Sob gestão de Agnelo, crise persiste em Brasília

Brasília completa 52 anos sem ter o que comemorar: o governador Agnelo Queiroz (PT), apontado pela Polícia Federal como o "01 de Brasília" em diálogos do esquema do contraventor Carlinhos Cachoeira, é alvo de inquérito criminal no Superior Tribunal de Justiça (STJ), tem pedido de prisão feito ao MP pelo deputado Fernando Francischini (PSDB-PR) e governa cercado de greves de servidores. Acuado pela crise, seu governo dá sinais de paralisia.

BRASÍLIA, O Estado de S.Paulo

22 de abril de 2012 | 03h01

Apesar do orçamento generoso de R$ 25 bilhões anuais, o governo está falido e, numa tentativa de enxugar as contas, Agnelo fechou o cofre para as categorias que foram bater à sua porta.
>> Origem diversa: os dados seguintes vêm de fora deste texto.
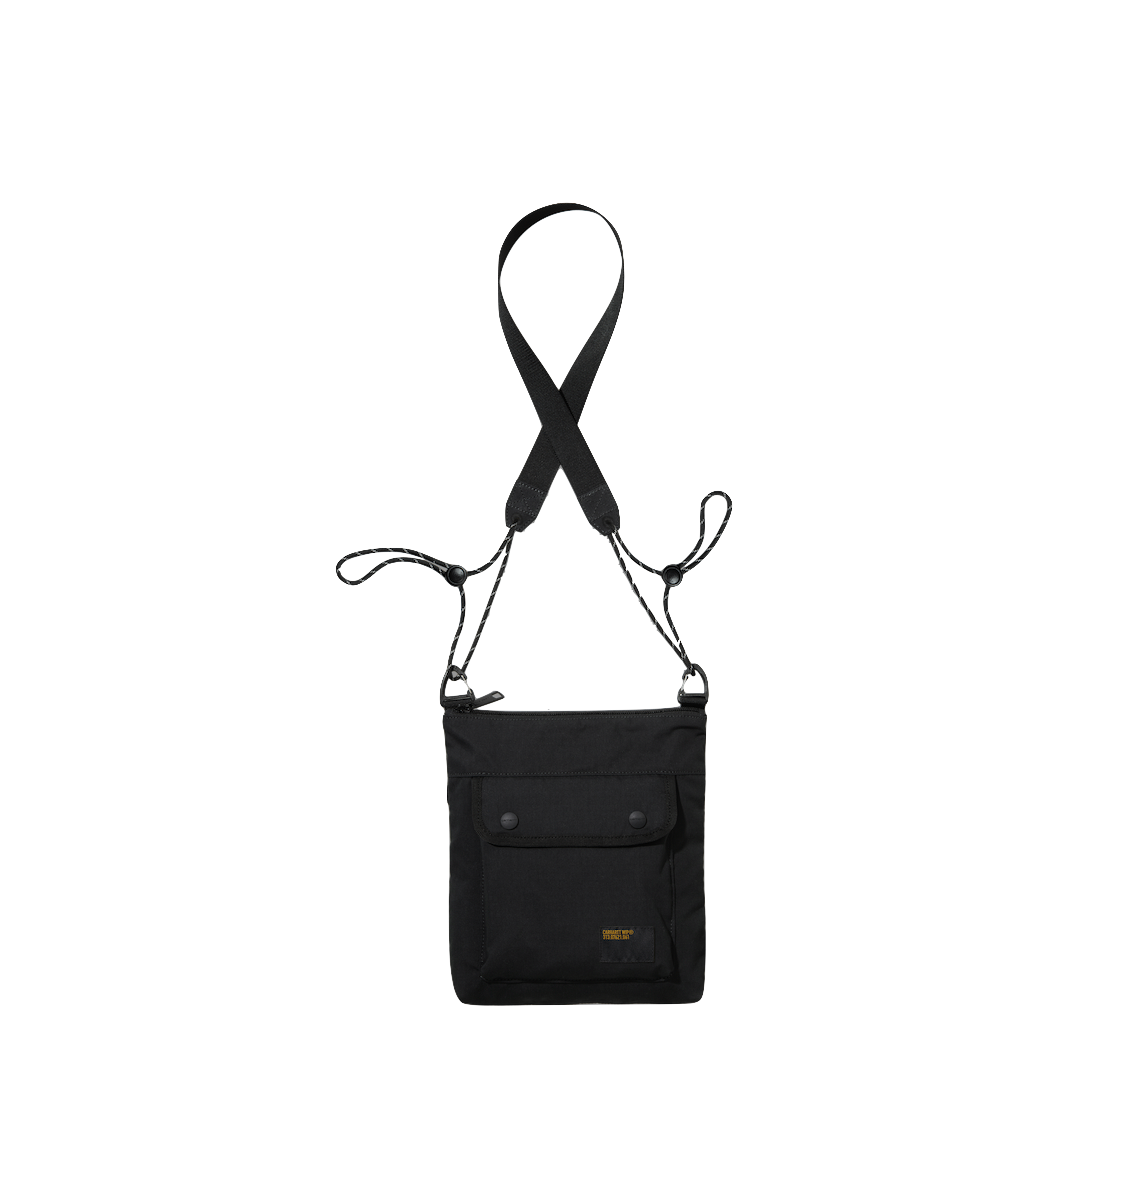 Carhartt WIP Haste strap bag black

As áreas mais atingidas são as de Educação e Segurança Pública. A Polícia Civil já fez três greves e a Polícia Militar passou meses numa operação tartaruga. Como resultado, os índices de criminalidade explodiram.

Na Educação, uma greve que já dura 40 dias ameaça o ano letivo. Os próximos que ameaçam cruzar os braços são os servidores do Metrô, do Detran, agentes penitenciários e agentes da Saúde. Desde que Agnelo assumiu, mais de 80% dos servidores públicos já fizeram greve. / V.M.